The pain that I have been feeling, that I have been suffering with, has delayed me from posting this entry. It also has me avoiding friends and loved ones. Being around them in pain wouldn’t be such an ordeal if I didn’t have to describe how I feel to them constantly. And then they ask things like “When do you think you’ll be feeling up to doing something”, “Are you feeling better yet?”–and the list goes on. Meanwhile, I don’t even know how I’m going to feel the very next minute. The pain I feel can be at its peak the moment I wake up in the morning or I could still be fighting it from the night before. It can get worse as the day goes on or become bearable for some time, like I’m at a stand-still; not getting any worse, not getting any better. My pain prevents me from doing the use-to-be-simple everyday tasks. My pain prevents me from getting out of bed, just barely making it to the bathroom. The pain I feel makes me feel stuck, lost, and guilty. And my pain isn’t just my pain; it’s YOUR pain or someone YOU know, someone YOU care about. The pain I feel can be different from what you feel or what someone else feels, but the point is, pain exists. My pain is real. Your pain is real. Visible or not, pain and suffering are real. Chronic pain sufferers might not have a noticeable wound or scar that is visible to the human eye, but they are suffering, that’s for sure. In silence—and we need to break that silence.

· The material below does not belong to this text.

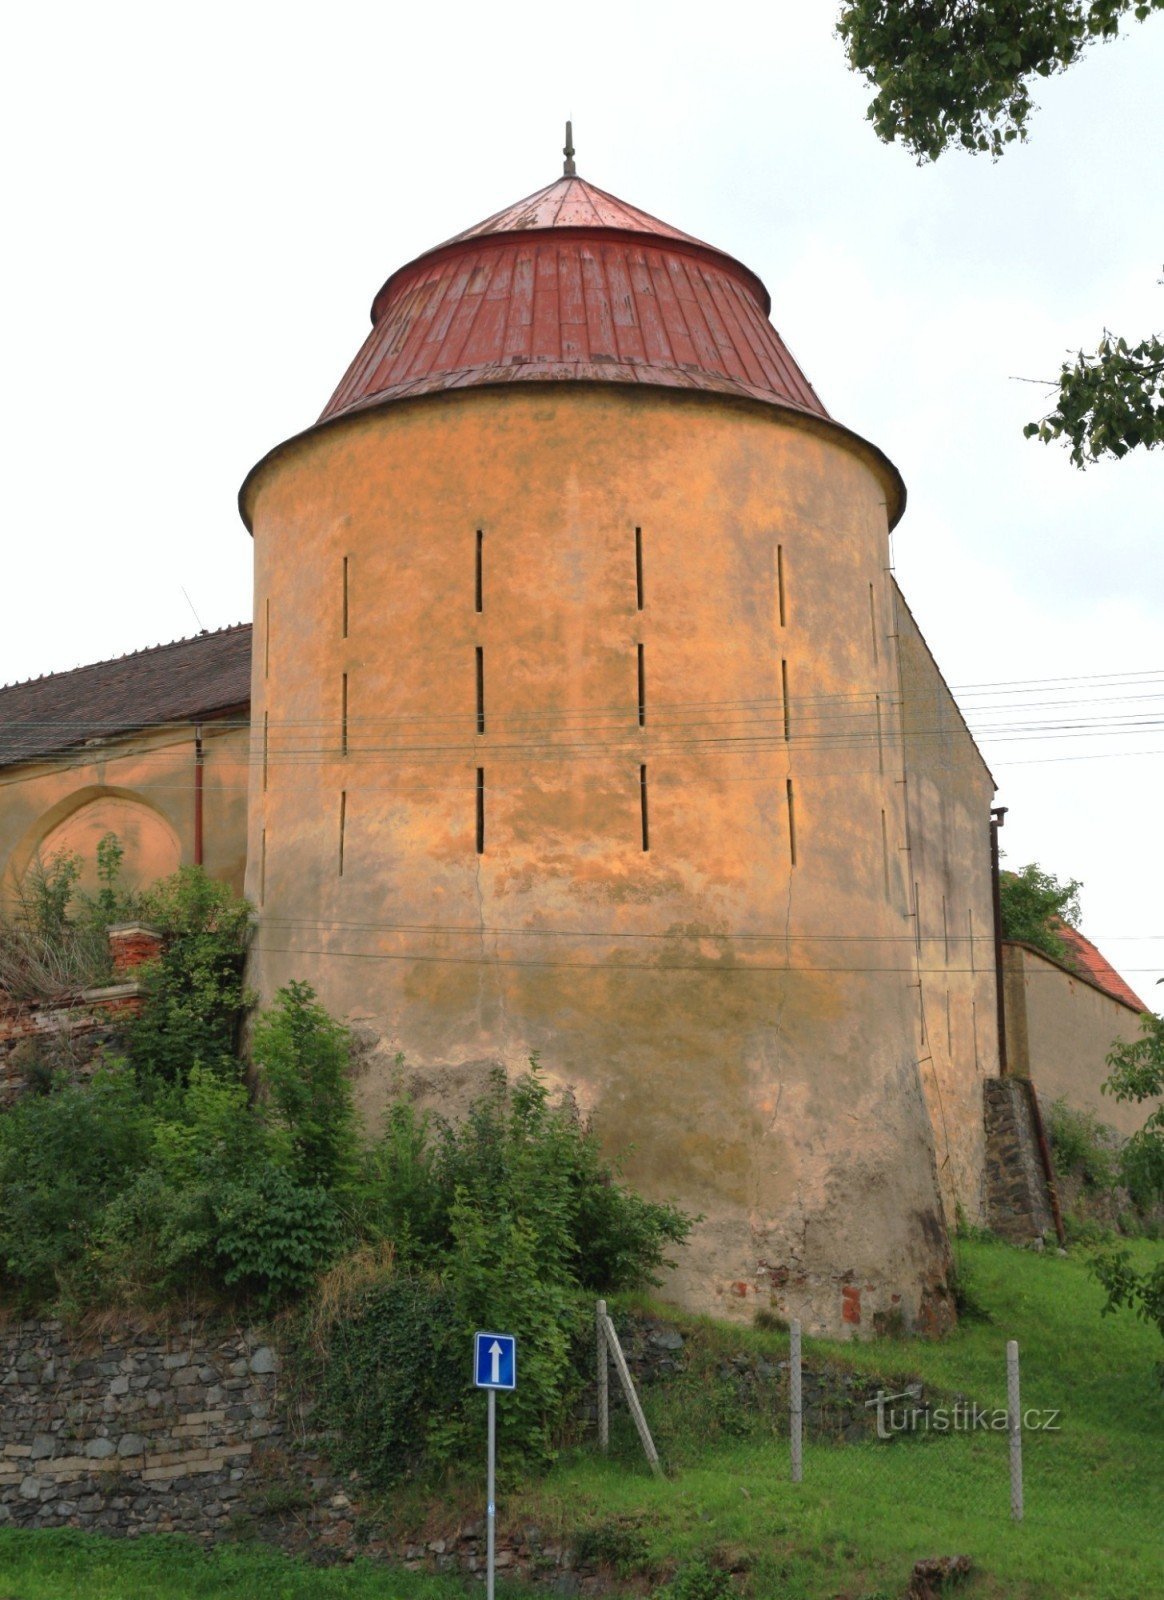 Letovice - bastion castel de colț

Some days, it’s easier to hide the pain than others. Some days, there’s no escaping it. You smile to pretend you’re okay until eventually, everyone can start to see through it. You use to be asked if you wanted to go to the store or if you wanted to go here or there. You become distant from everyone and everything around you. You’re still you, but you’re not at the same time. Being chronically ill, being in such pain, makes you a completely different person. You become a version of yourself you never thought you’d ever become; lost, lifeless, and stuck—when you yearn to be happy, determined, and free again. Happy to be free of these chronic chains holding you down, determined to start over, and free of negativity. Yes, you’re happy now. You have a roof over your head, a family that loves you, takes care of you, and want’s to be there for you, but you can’t help but wish things were different, wish things were easier for the ones you love so much, that they didn’t have to bear all this pain with you. But they are and instead of wishing things were easier, you need to accept how things really are. This is now. This moment is happening now— and we need to make the best of it. YOU need to make the best of it. Smile. Go out when you feel you have enough energy or just put in a movie, watch it with a loved one. It doesn’t matter if anyone can see through your smile or not. Don’t think about what anyone else may see or not see. If you feel well enough to do something, do it. If you don’t, you don’t.

Don’t feel guilty about feeling well one day and then horrible the very next. You can’t help how you feel, how you’re body feels. Your head might be thinking “Alright, let’s do this!” but your body is thinking “Must…lay…down…” and vice versa. Your body might be feeling good, you’re able to get around better than usual, but your mind is in such a rut and you just can’t snap out of the haze you’re in. Frustrating doesn’t even begin to describe how it feels. You’re at a constant war with yourself—and you just can’t seem to win. What does help is support from others, from family and loved ones, but they’re not always going to understand, just like how you don’t understand any of this, what’s happening, why you feel the way you do, at times. Whether anyone else understands or not, what matters is how YOU are feeling, what YOU feel up to doing—and don’t let anyone else’s opinions get in the way.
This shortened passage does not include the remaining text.